Almost two years ago I introduced a private member’s bill, Bill C-269. It was a lot of work actually to cull all the individual mandatory minimums that had been brought in under the Harper era and put them in one private member’s bill to make it easy to get rid of all of them, except for those for the most serious of crimes where we would not want to remove them.
I also note that the situation on Vancouver Island for indigenous women is particularly egregious. I want to offer my colleague the opportunity to speak to the lack of remand centres for indigenous women on Vancouver Island, and the additional specific discriminatory treatment that they face due to this lack of facilities. I ask if she would like to comment further on the systemic discrimination in criminal justice, particularly as it applies to us locally on Vancouver Island.
Sheila Malcolmson – Member for Ladysmith-Nanaimo
Mr.
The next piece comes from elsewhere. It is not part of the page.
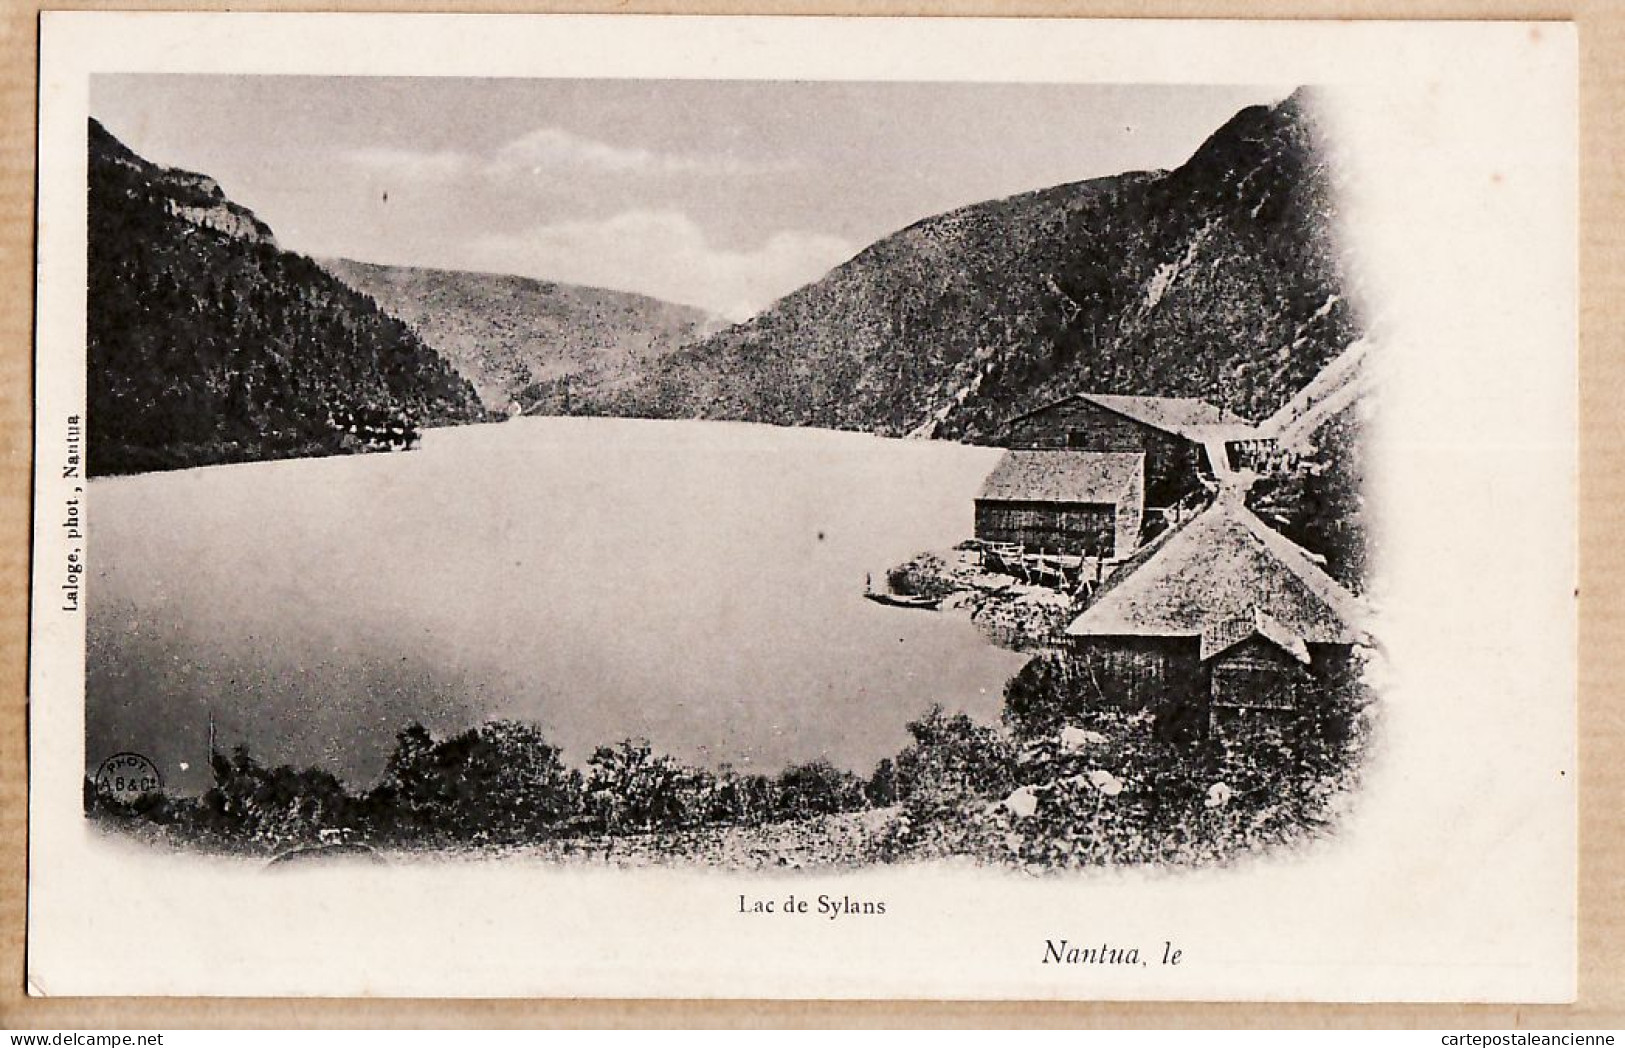 07648 ● Photo-Editeur LALOGE 1890s - Environs De NANTUA Ain Lac De SYLANS Bêtiment Ancienne Glacière - Nantua

Chair, the separation of indigenous women from their communities and families when they have to leave our region to be incarcerated in other facilities compounds the problems that got them into the justice system in the first place. They become increasingly isolated.
We heard a very interesting circularity from a number of the witnesses. Gladue reports are supposed to bring into sentencing additional considerations around the impact of residential schools or of children being in foster care. The indigenous women at committee are telling us that the Gladue reports are having the opposite effect. They are identifying them as a higher-risk inmate. They are putting them into more isolation and more segregation, which makes them unable to participate in the programming that happens within the jails, which makes them ineligible for the nice earlier parole, the controlled release from prison. This means that they are even more likely to be dislocated from their families, dislocated from their culture, and maybe more likely to reoffend. It is a mess and the government has work to do. We want to work with the government.